There are also vital, high-level theoretical debates about preventing AI from being used for massively destructive weapons, authoritarian surveillance, or sci-fi “AI overlord” scenarios.
But every conversation needs a focus, and right now, the most immediate, practical threat to the average user and business is the invisible arms race occurring in everyday software.
A Reason for Optimism
Ultimately, the integration of AI into cybersecurity is a narrative of optimism.

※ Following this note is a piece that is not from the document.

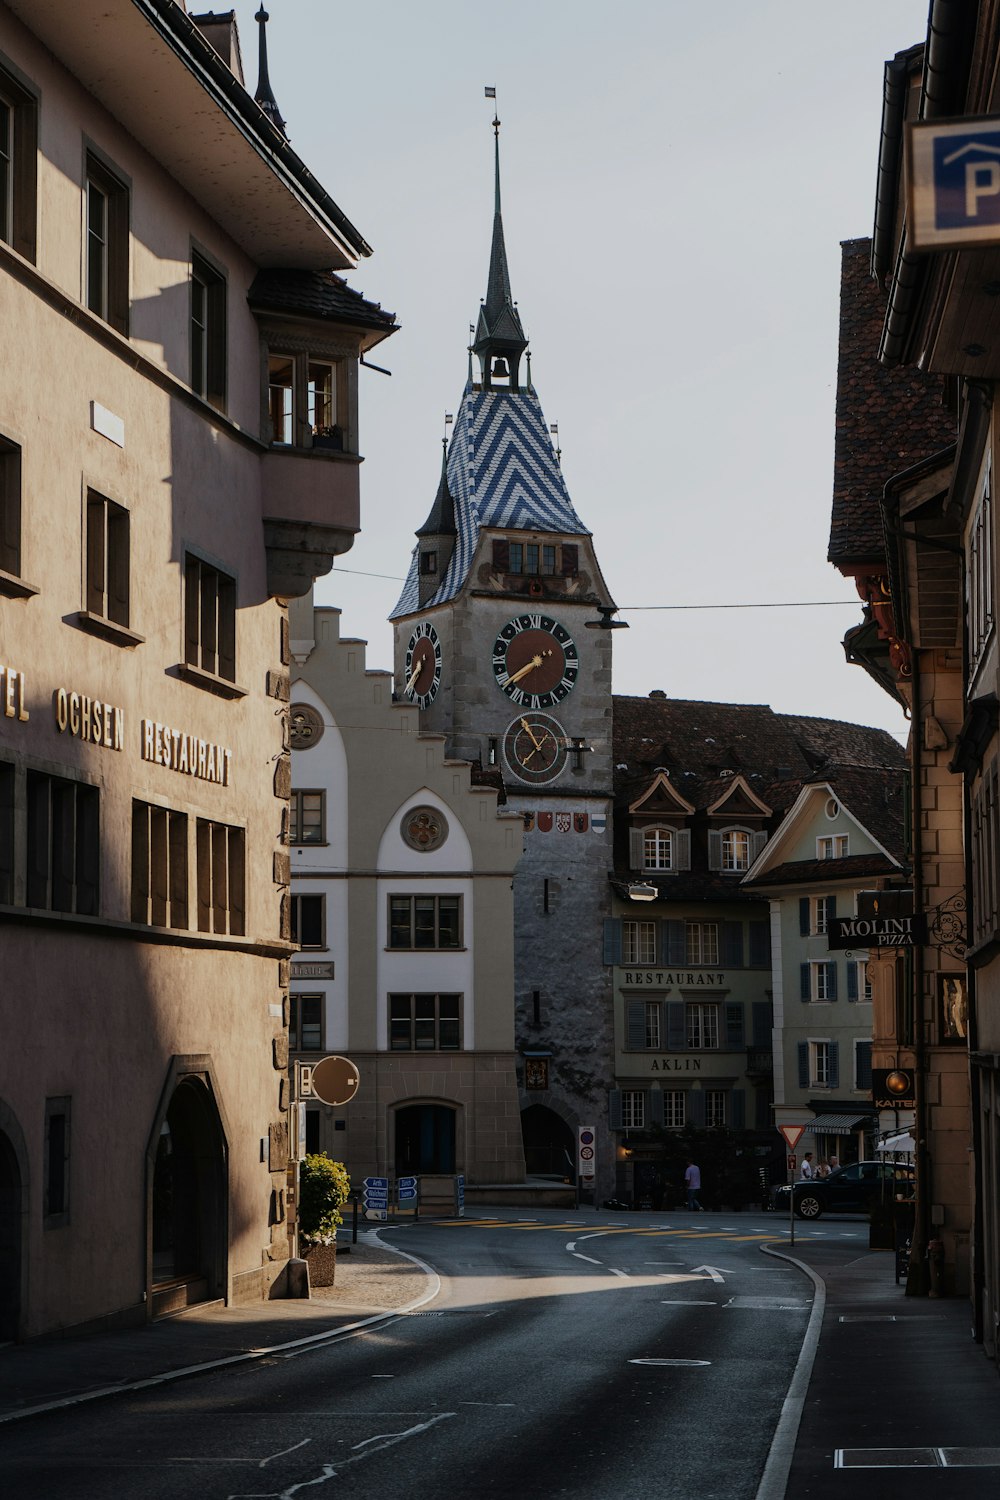 a clock tower on the side of a building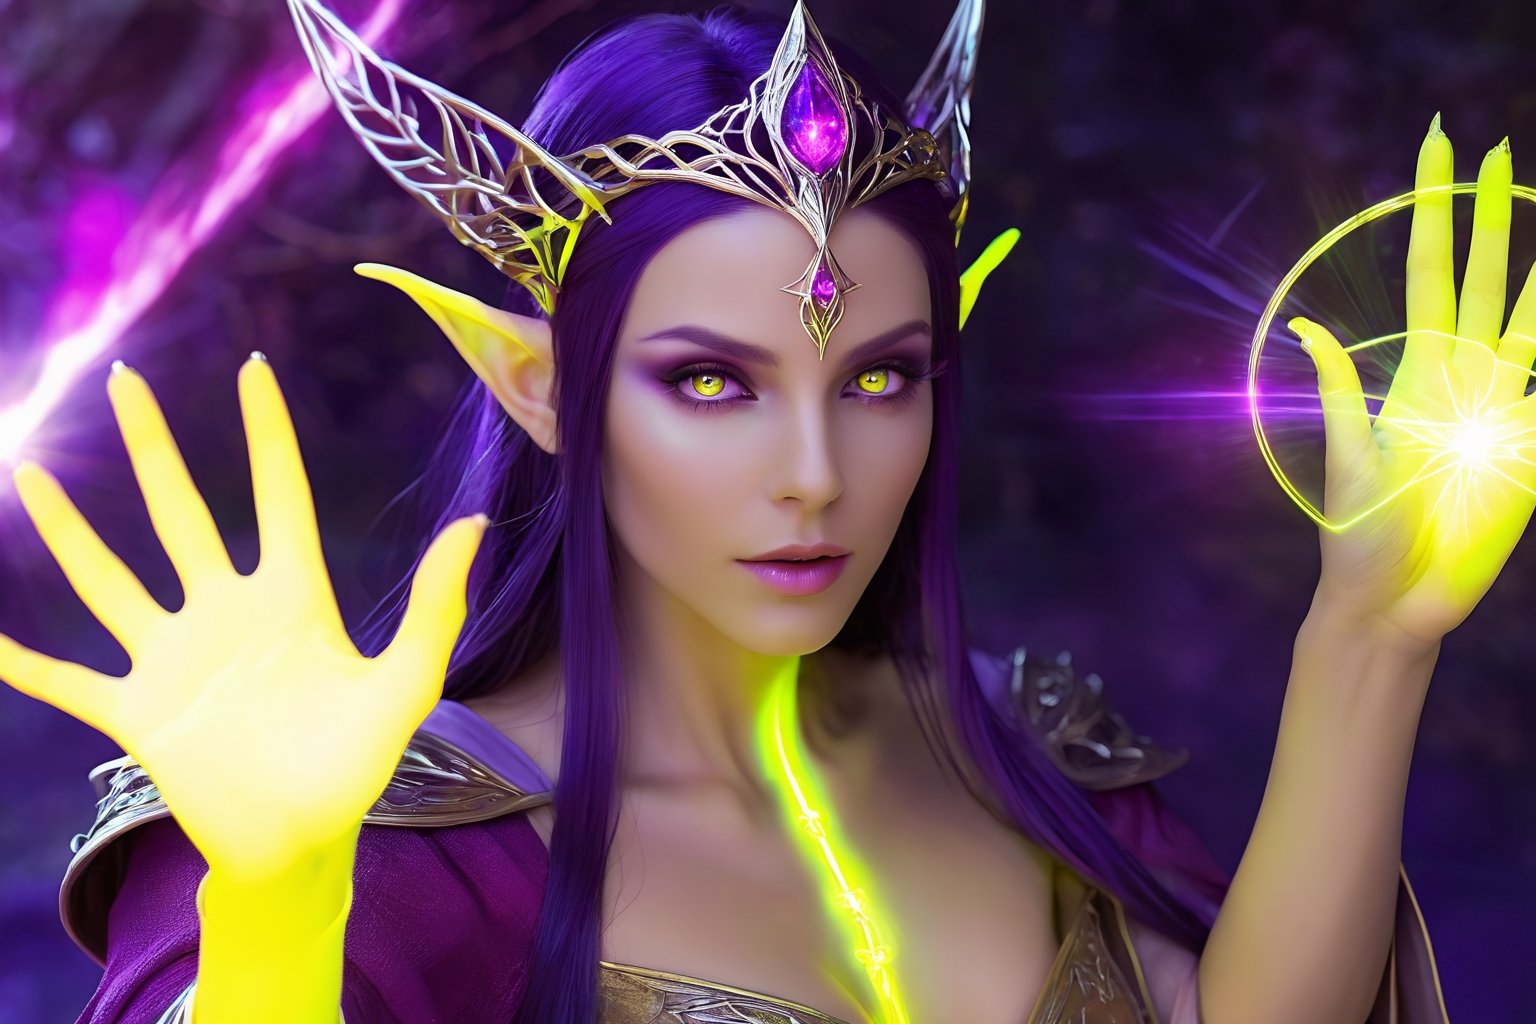 This beautiful elven sorceress whose laser eyes glow neon yellow, glowing purple spell energy in her hand

Yes, the equilibrium will shift. There will be chaotic periods as attackers test new AI tools. But relying only on defense means attackers get to choose the time and place of the next battle. By using AI to significantly speed up how we write, test, and fix software, we take the initiative away from the attackers. We make the cost of doing bad business too high.
As Dario Amodei, CEO of Anthropic, has noted, the balance between offense and defense is actually tractable in cybersecurity. There is real hope that defense can outpace attacks—but only if we actively invest in it. The tools are here. Someone must do the hard work of putting them to use for good, lest they only be put to use for harm.